Task objective: Whatever follows the line containing "This very unique" in the listing below should be printed exactly, along with that line itself.

Source material:
==*==

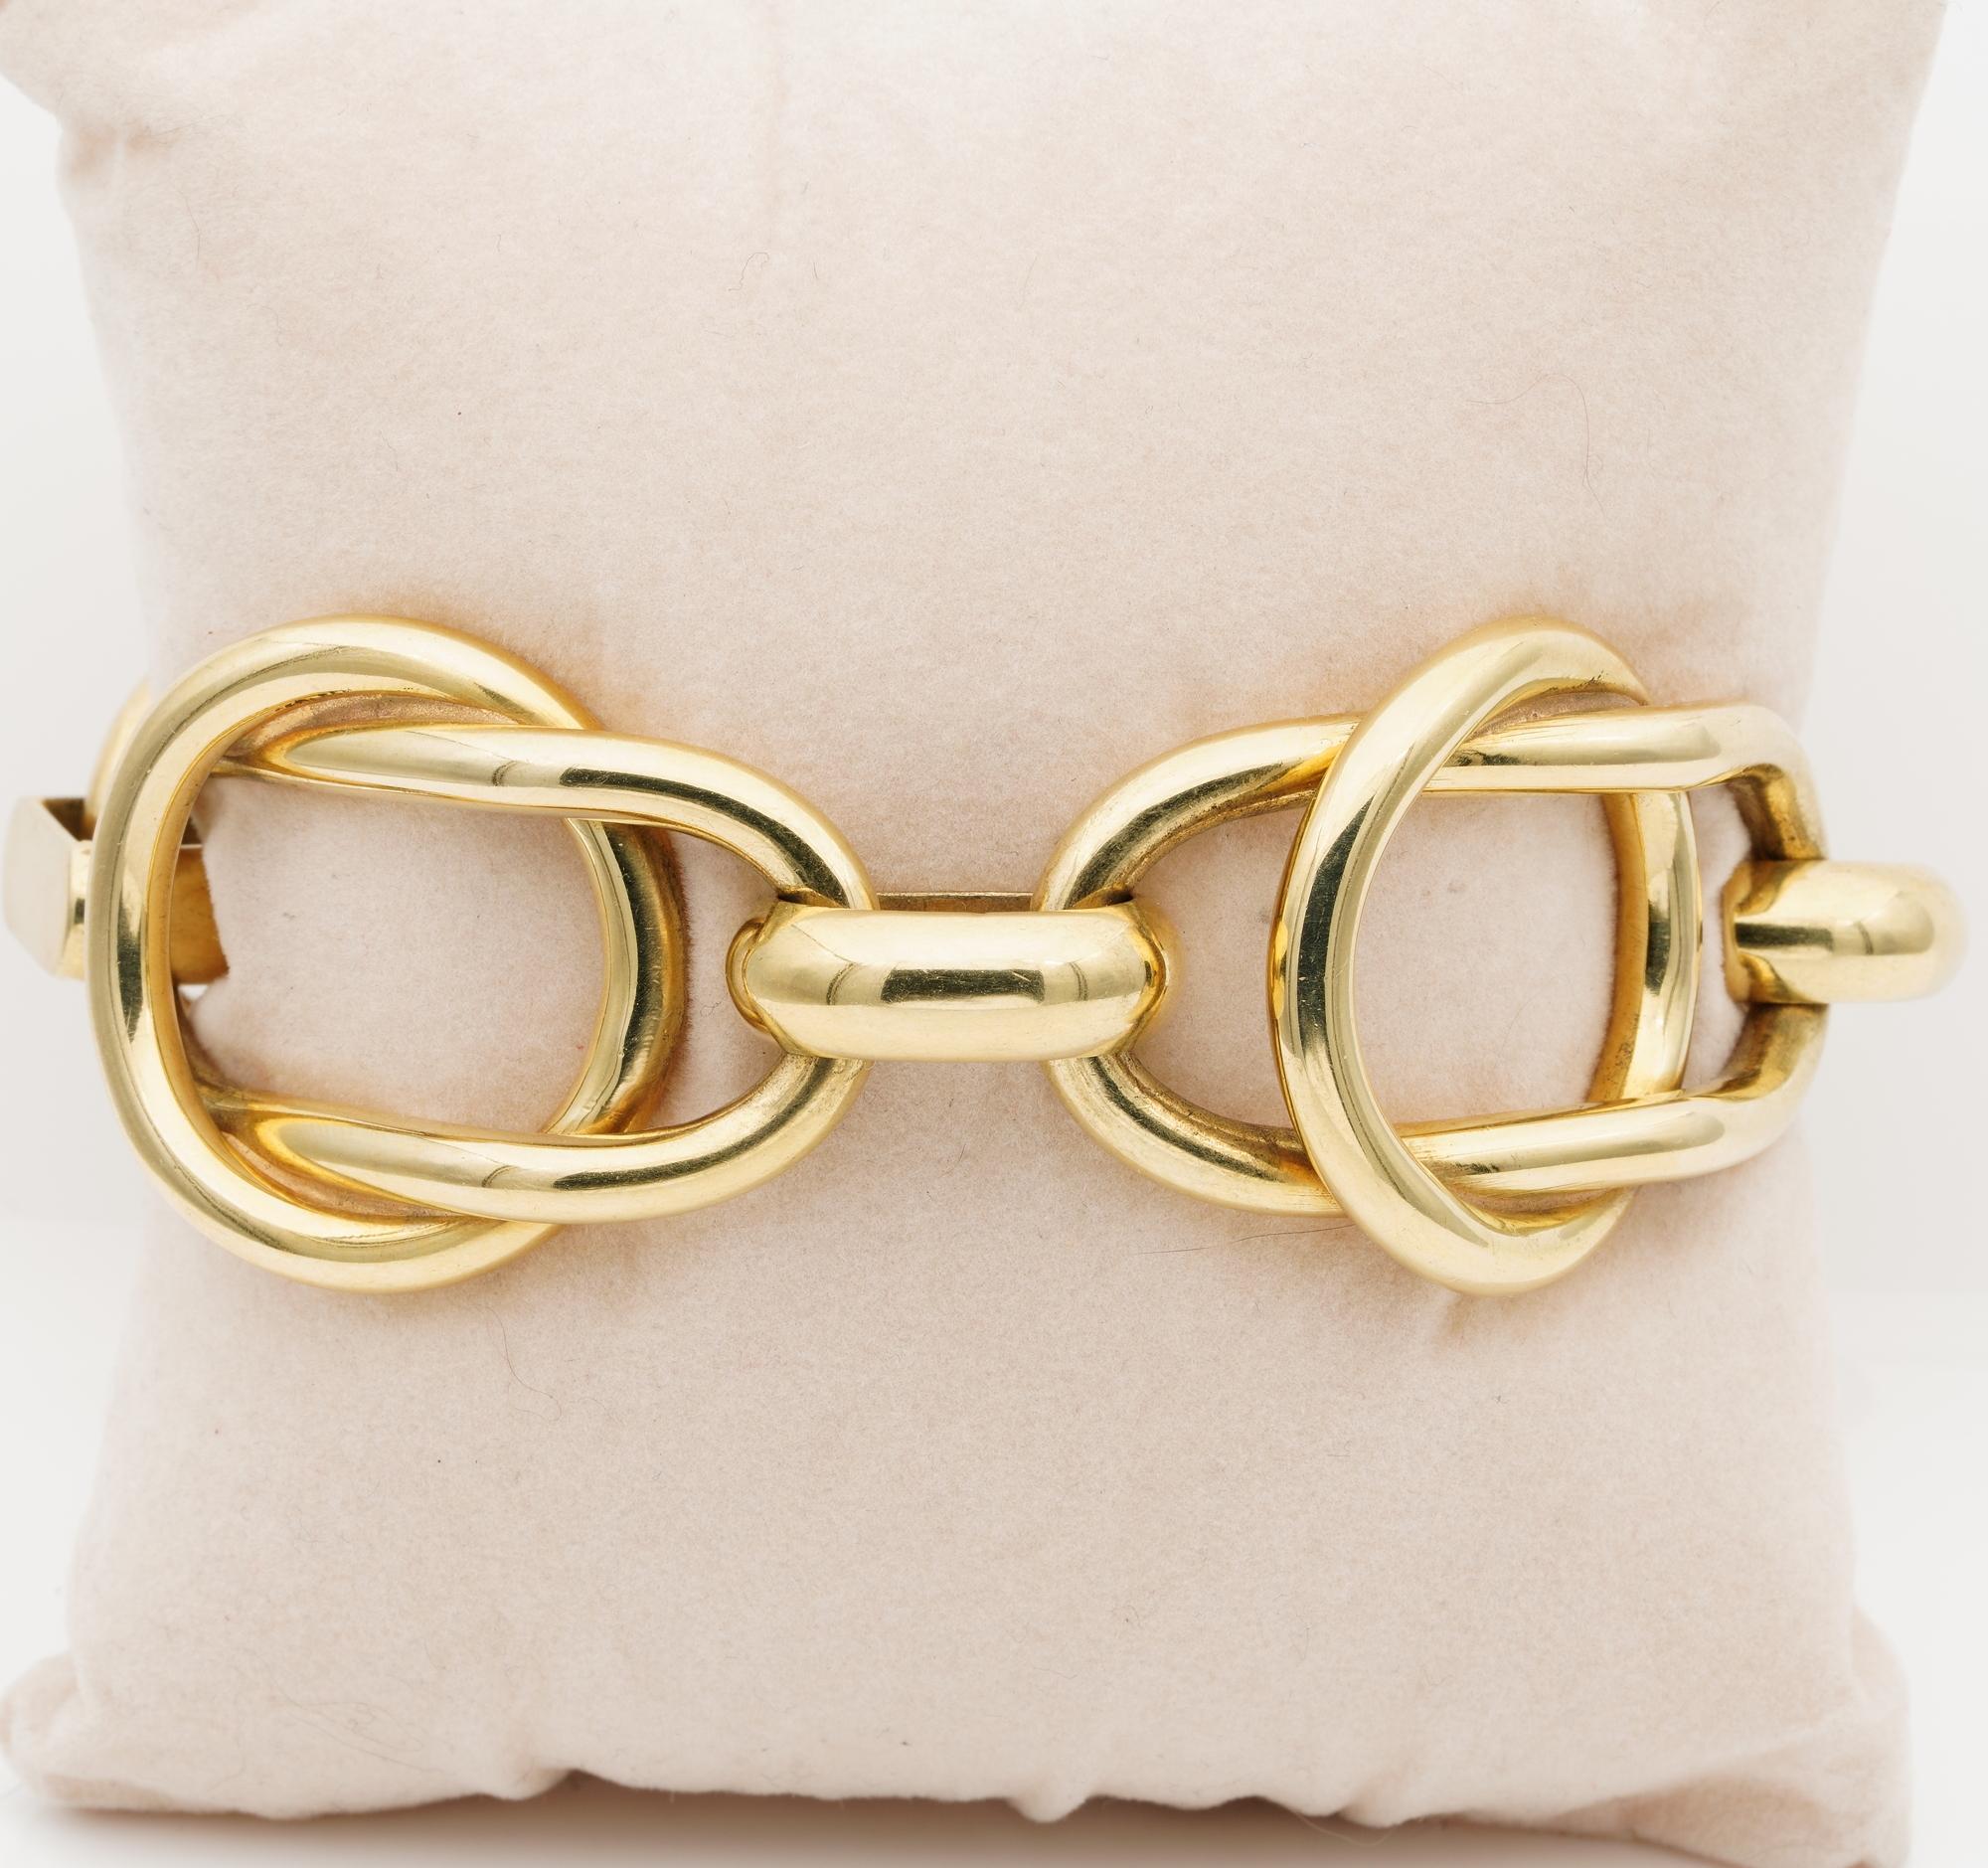 Enjoying Gold
This very unique fancy link Italian vintage bracelet is such a lovely thing to wear on jeans or formal outfit
Substantial in weight being 62.8 grams of solid 18 Kt gold, stylish combination of interlaced between two shapes of geometric

==*==

Completed exercise:
This very unique fancy link Italian vintage bracelet is such a lovely thing to wear on jeans or formal outfit
Substantial in weight being 62.8 grams of solid 18 Kt gold, stylish combination of interlaced between two shapes of geometric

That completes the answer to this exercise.